# Dillon Lake Catfish Tournament 10-12-13



## catman1991 (Feb 20, 2012)

All Ohio Katmasters will host the last tournament of the year at Dillon state park. This wil be a day event 8am-4pm, sign in will start at 7am at the ramp on state route 146. Entry is $40 per 1-2 man team, with optional $5 big fish, and optional $5 flathead. 

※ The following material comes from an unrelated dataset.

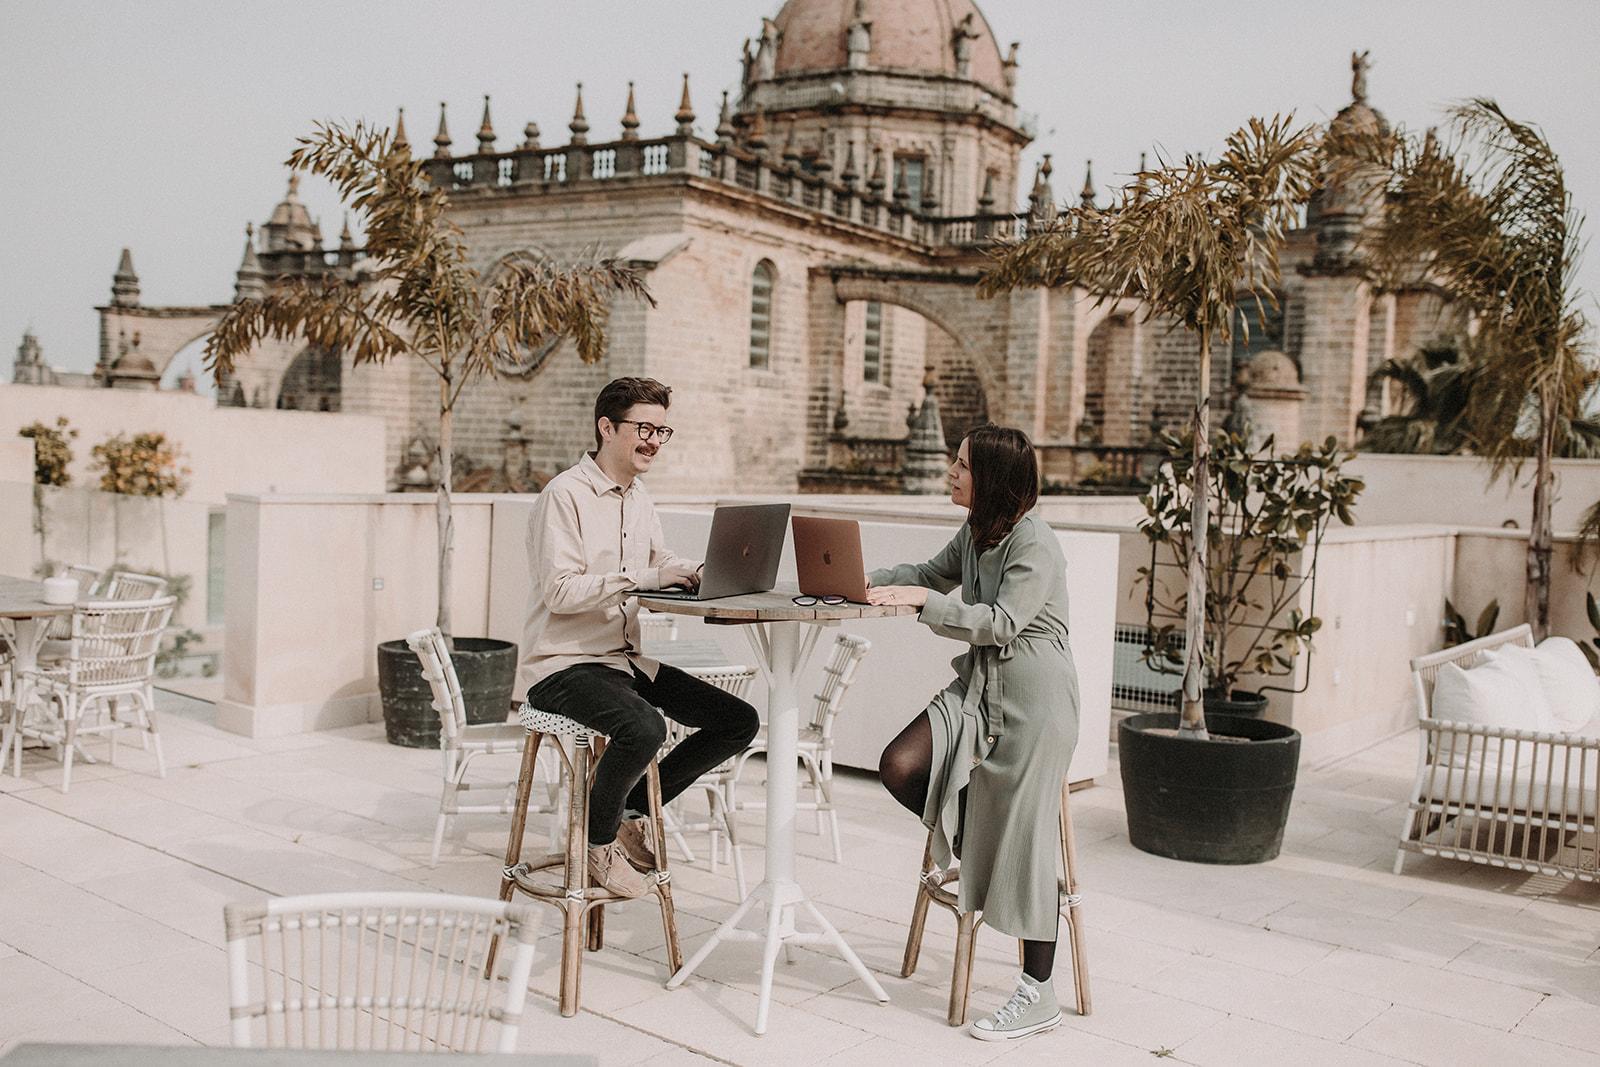 Oheme Bodas - ¿Cómo se organiza una boda?

https://www.facebook.com/AllOhioKatmasters?ref=hl

http://allohiokatmasters.webs.com/


----------



## Salmonid (Apr 14, 2004)

Was planning on hitting this one but have since registered for the "Monsters on the Ohio" tourney so Ill be eager to hear how it goes for you guys! Good luck!

Salmonid


----------



## catman1991 (Feb 20, 2012)

Date has been changed to saturday october 5th 8AM-6PM


----------



## Curtis937 (Sep 17, 2010)

That sucks for me I gotta work that weekend I went over to dillon yesterday the cats are biting good too...good luck all 


Posted using Outdoor Hub Campfire


----------



## Salmonid (Apr 14, 2004)

Double bummer, I got to work that day also.. Good luck gang!

Salmonid


----------



## catman1991 (Feb 20, 2012)

if anyone is planning on coming please let me know so I can get an estimate on turnouts


----------